I believe that OR can help make adaptive individualized radiotherapy a reality. This approach to treatment planning will generate a rich array of challenging stochastic control problems[2]. There will be much room for creativity in coming up with sufficiently realistic and yet tractable formulations. For truly patient-specific treatment, these will need to be integrated with methods to estimate the parameters of tumor-response models. The stochastic control problems in our aforementioned preliminary work were solved using approximate control schemes called open loop control, certainty equivalent control, and open loop feedback control. These methods were computationally efficient for our medium-scale test problems because our original model was formulated such that the resulting nonlinear programming sub-problems were convex. In the future, as we attempt to tackle much larger-scale treatment planning problems, we will need to develop specialized nonlinear programming algorithms and approximate control schemes, and thus there will great opportunities for methodological work. In the end, these dynamic optimization models and algorithms will have a real impact on radiotherapy practice only if they can achieve a demonstrable improvement in health outcomes and if they are embedded into commercial treatment planning systems. Thus the pursuit of mathematically rigorous, radiobiologically and clinically sound, and cost-effective adaptive individualized radiotherapy will call for a close collaboration and knowledge-exchange among doctors, medical physicists, radiobiologists, industry, and optimization experts. The 2008 World Cancer Report predicts that by 2030 there could be 17 million cancer deaths annually worldwide. Thus, if clinically successful, this interdisciplinary application of OR has the potential for significant societal impact.
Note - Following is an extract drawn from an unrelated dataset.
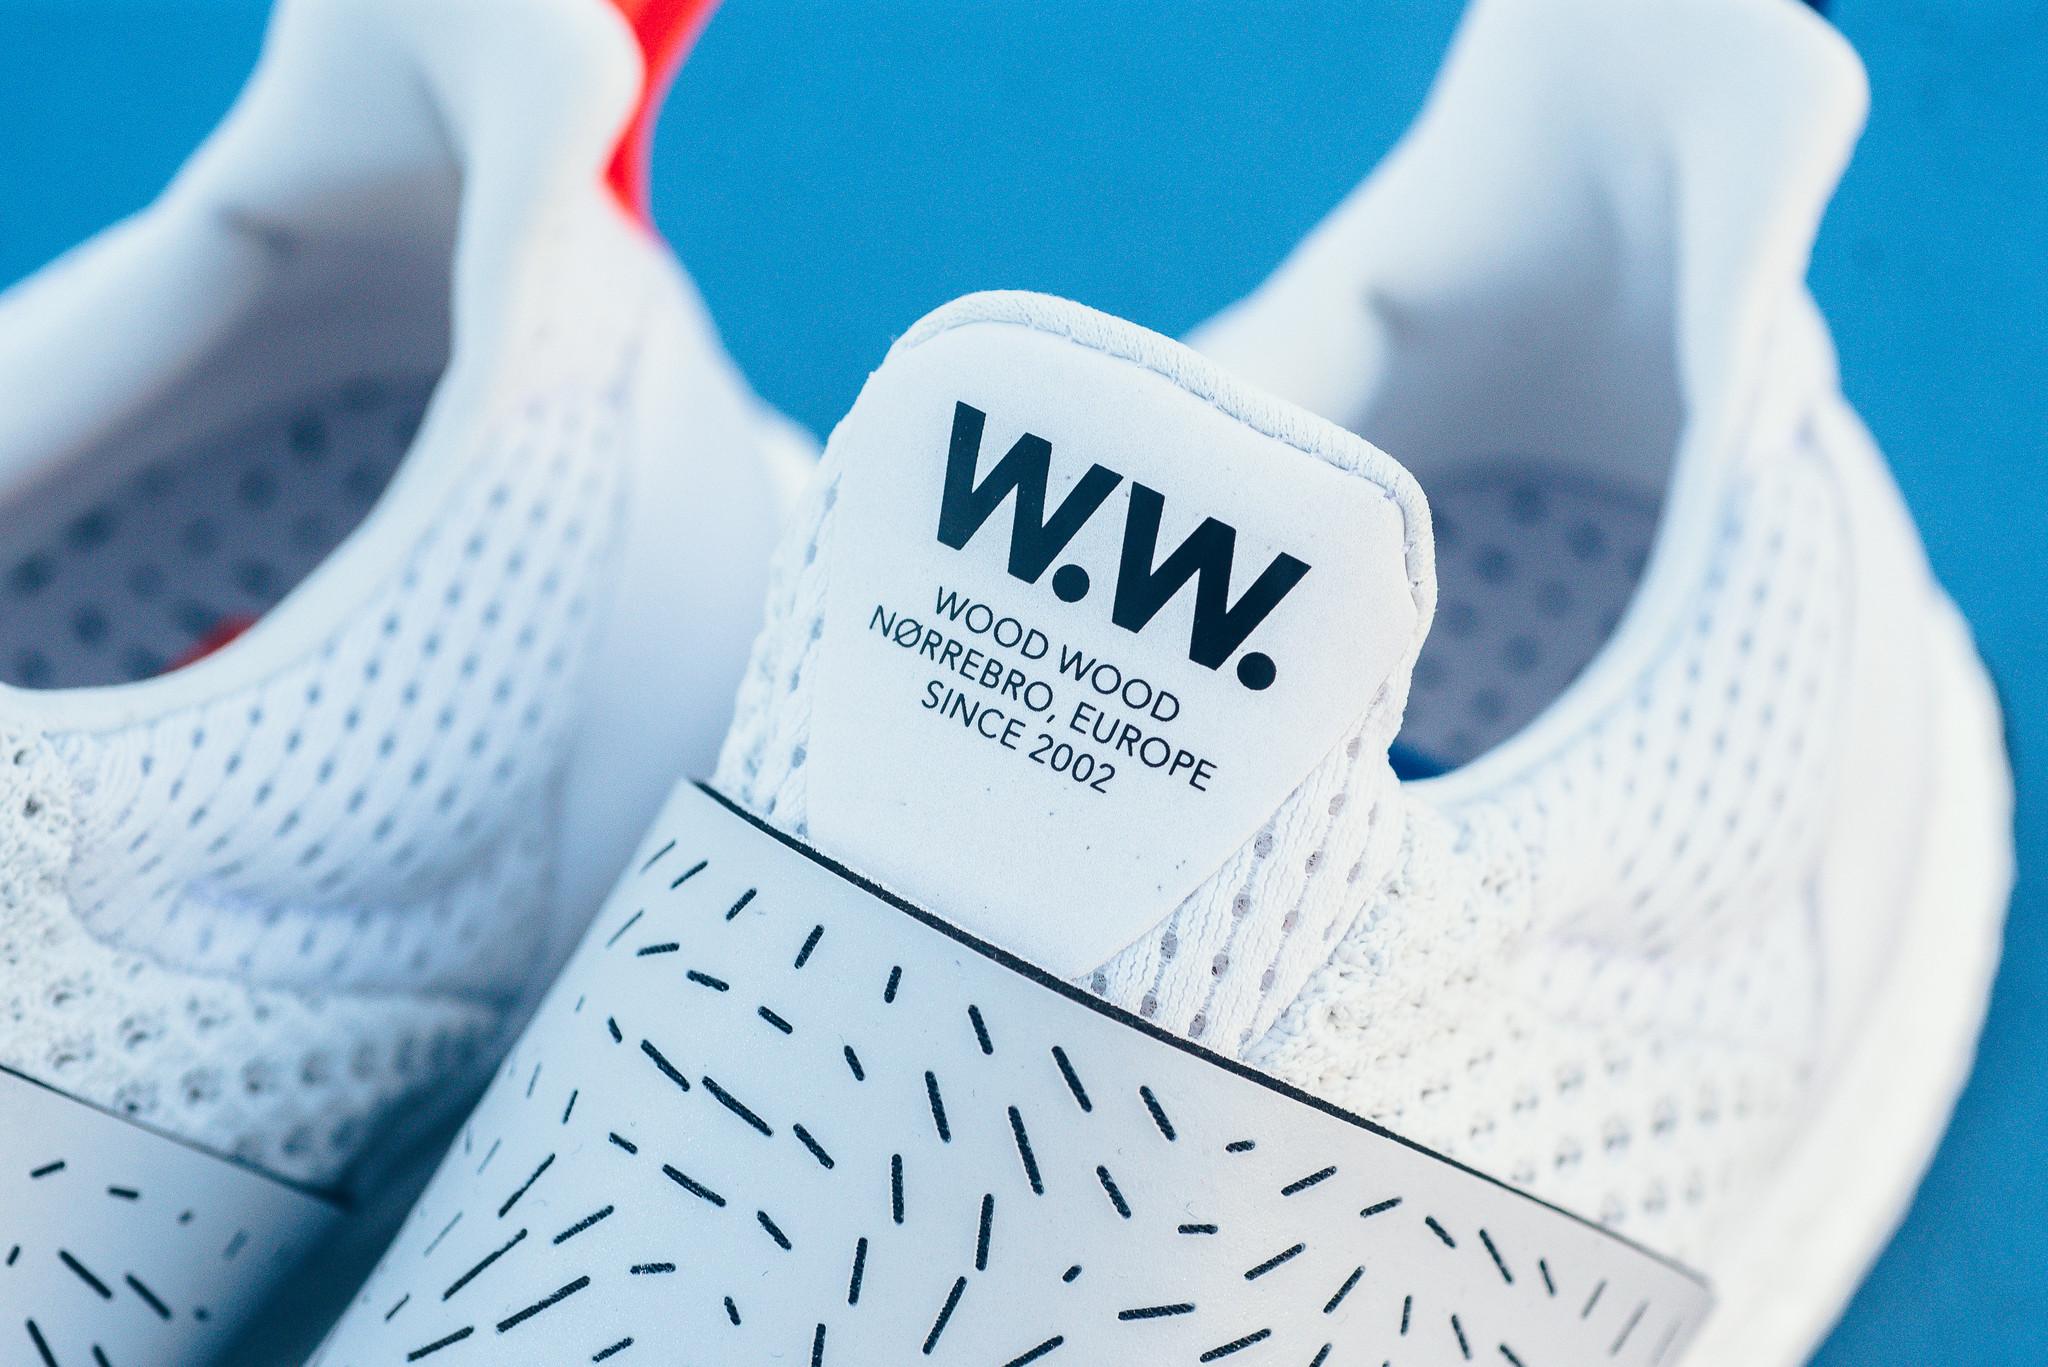 Adidas_x_Wood_Wood_Ultra_Boost_Smealer_Politics_Hypebeast_11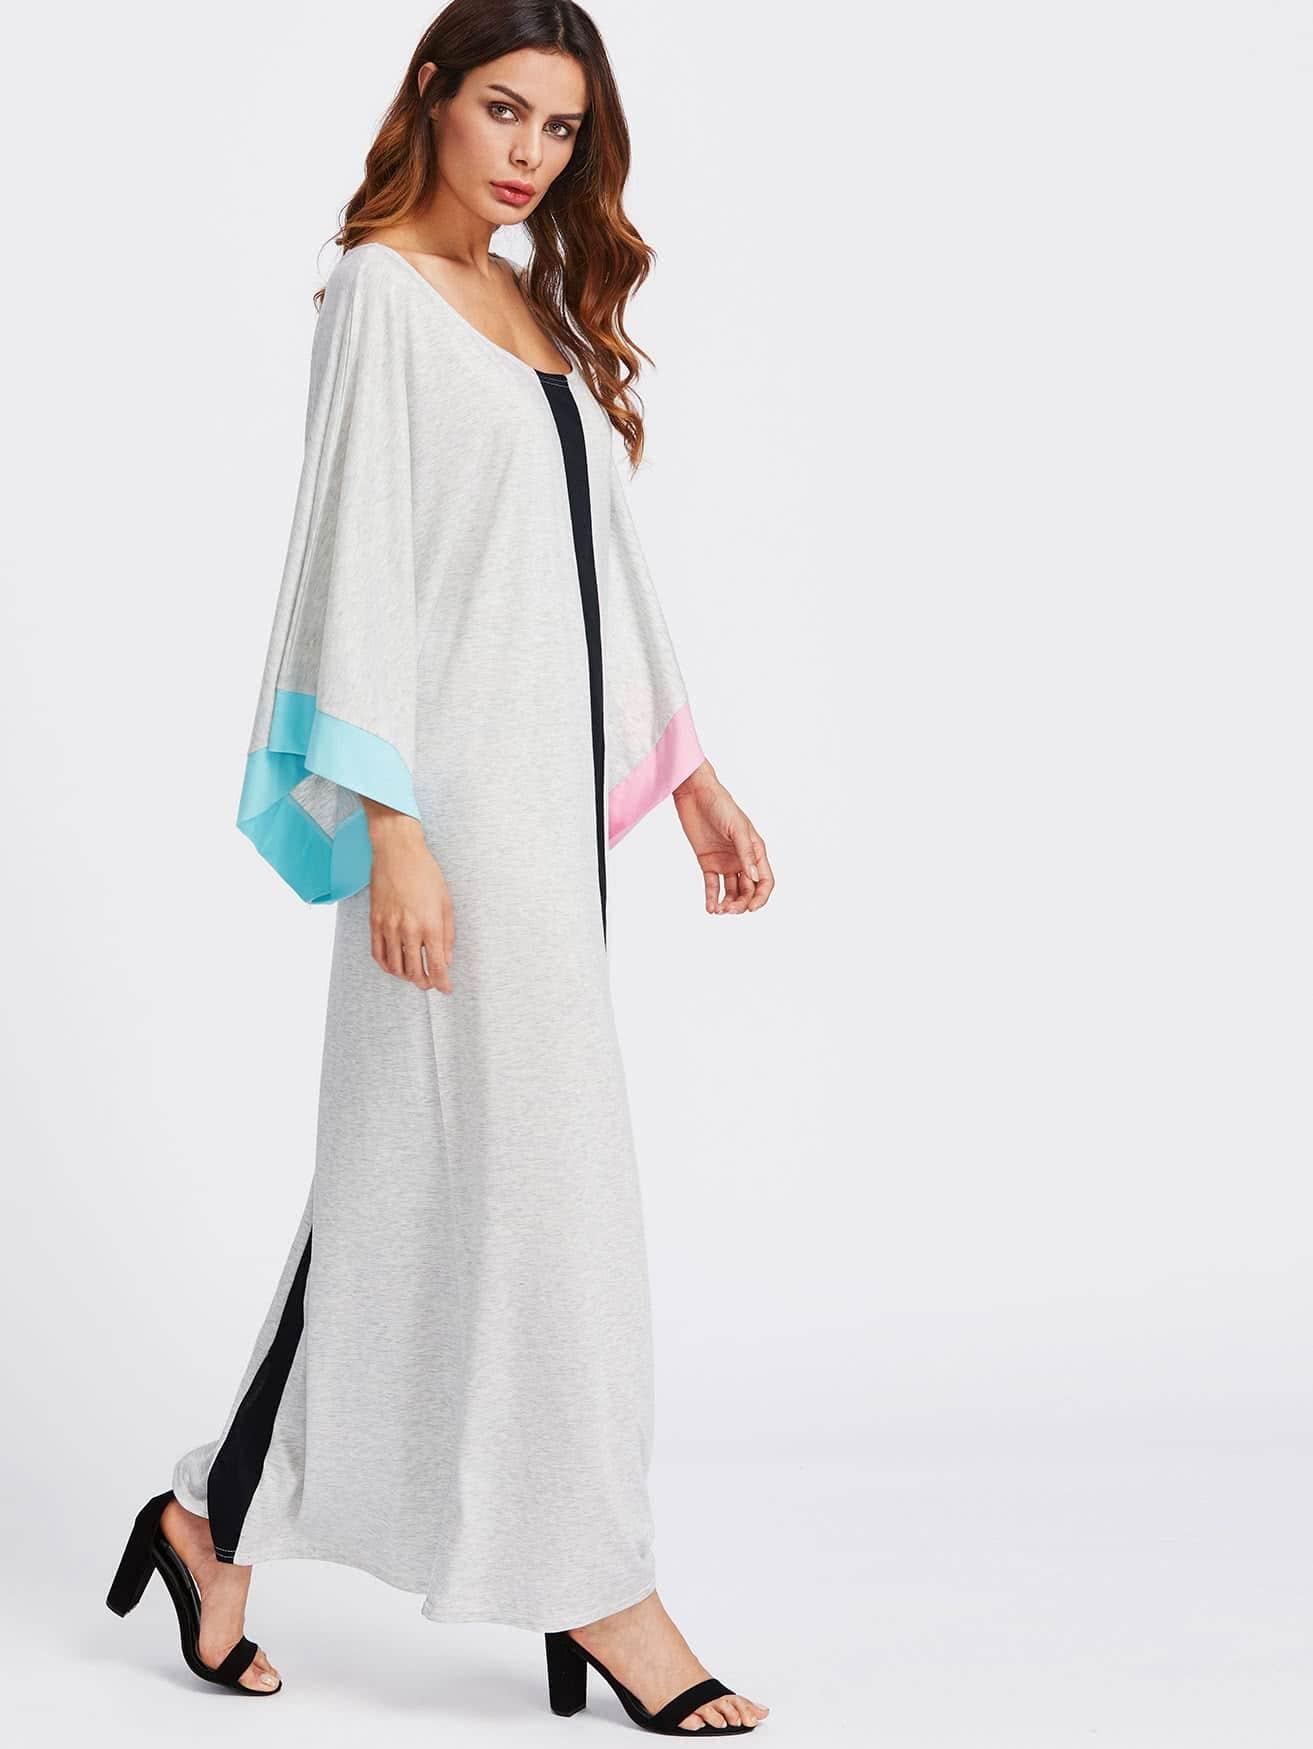 Contrast Panel Kimono Sleeve Full Length Dress

Research supported in part by NSF Grant CMMI-1054026
-Post by Prof Archis Ghate, University of Washington, Seattle
archis at u dot washington dot edu
[1] M Kim, A Ghate, and M H Phillips, A stochastic control formalism for dynamic biologically conformal radiation therapy, forthcoming in European Journal of Operational Research, 2011.
[2] A Ghate, Dynamic optimization in radiotherapy, forthcoming in TutORials in Operations Research, INFORMS 2011.